Following breakfast we enjoyed a long and leisurely snorkel around the islet of Champion. The water was cool, clear and teeming with fish of many varieties. Huge schools of king angels were feeding near the surface and we swam among them, marveling at the brilliant orange of their tails contrasting with a deep purple body which is dissected by a bright vertical white stripe. Lovely fish, and there were hundreds of them! We saw huge schools of gray chubs and "gringos" and could have identified at least twenty other species. White tipped reef sharks slept on a shelf and once they were disturbed they cruised slowly in circles below us. Sea lions joined us and swam below and behind and around us in graceful loops which, when we tried to copy and follow them left us breathless and laughing. This morning we had time to snorkel to our heart’s content: and indeed there was not one of us who was not feeling just that – extremely contented – when we finally were tired and chilled and climbed into the pangas.

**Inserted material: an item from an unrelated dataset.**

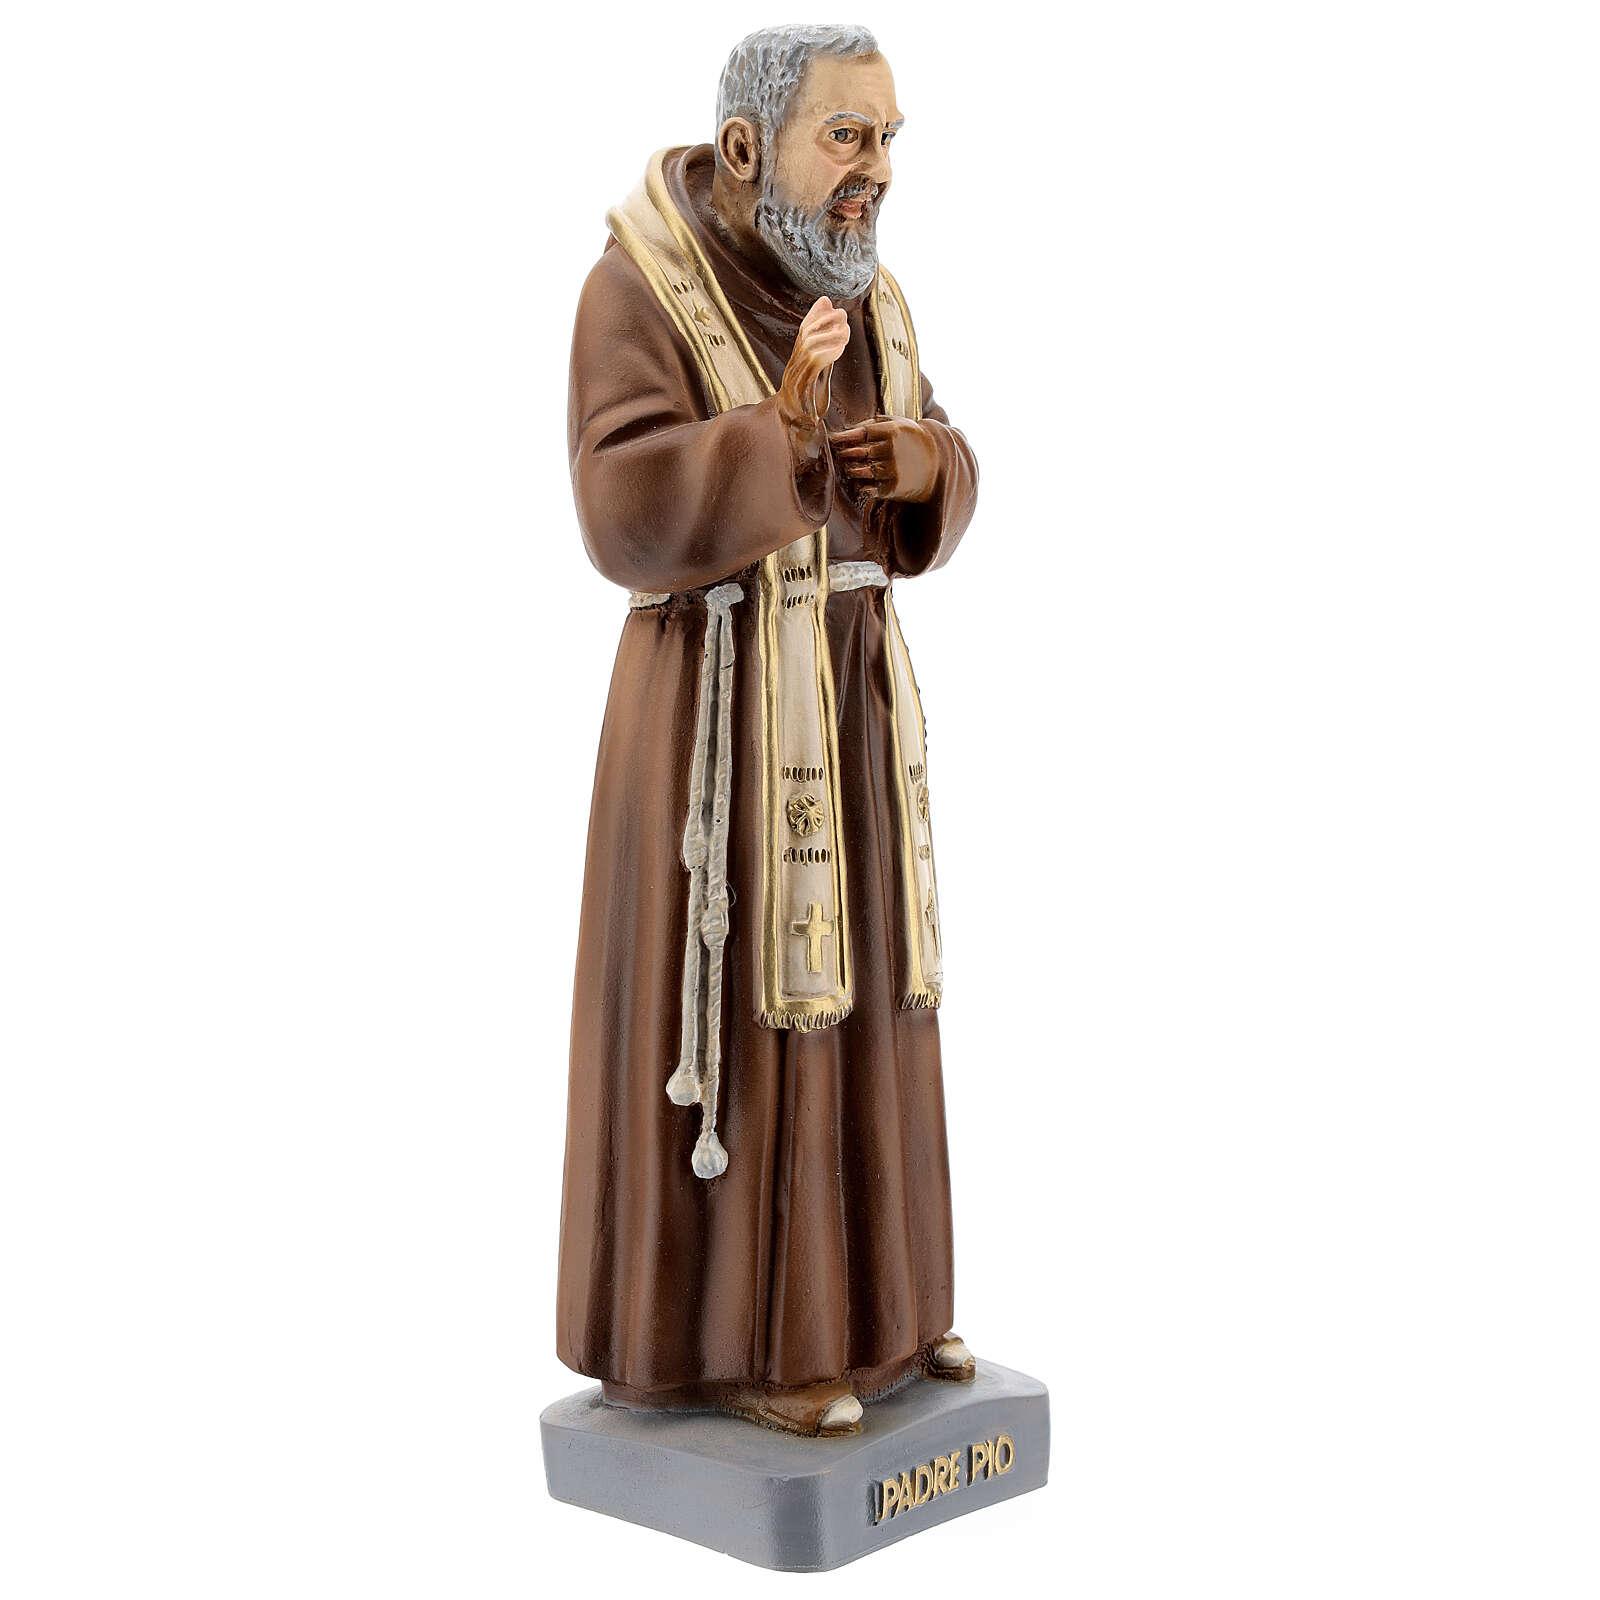 Statua San Pio con stola 26 cm resina colorata 4

In the afternoon we had options: deep water snorkeling at Devil’s Crown, sea kayaking from the Baronessa’s Bay back to the ship, and then hiking from the olivine beach along the cindery trail at Punta Cormorant. Each outing was superb: the snorkelers returned exuberant with all they had seen, the kayakers explored the turquoise bay where tens of sea turtles swam and then paddled across a flat sea back to the ship as the sun came out hot and strong. They marveled that they reached the ship so painlessly – thinking that it was going to be a long hard paddle – but it was not.

On the hike we found flamingos, both adults and young ones, in the brackish lagoon and crossed over the point to a sea turtle nesting beach composed of fine white sand. As the sun set and the afternoon turned golden, our guests may have wondered what we could possibly do tomorrow that could be as exciting and interesting – as outstanding and different – as each day of this expedition has so far been. I know: Española Island and the waved albatross are waiting.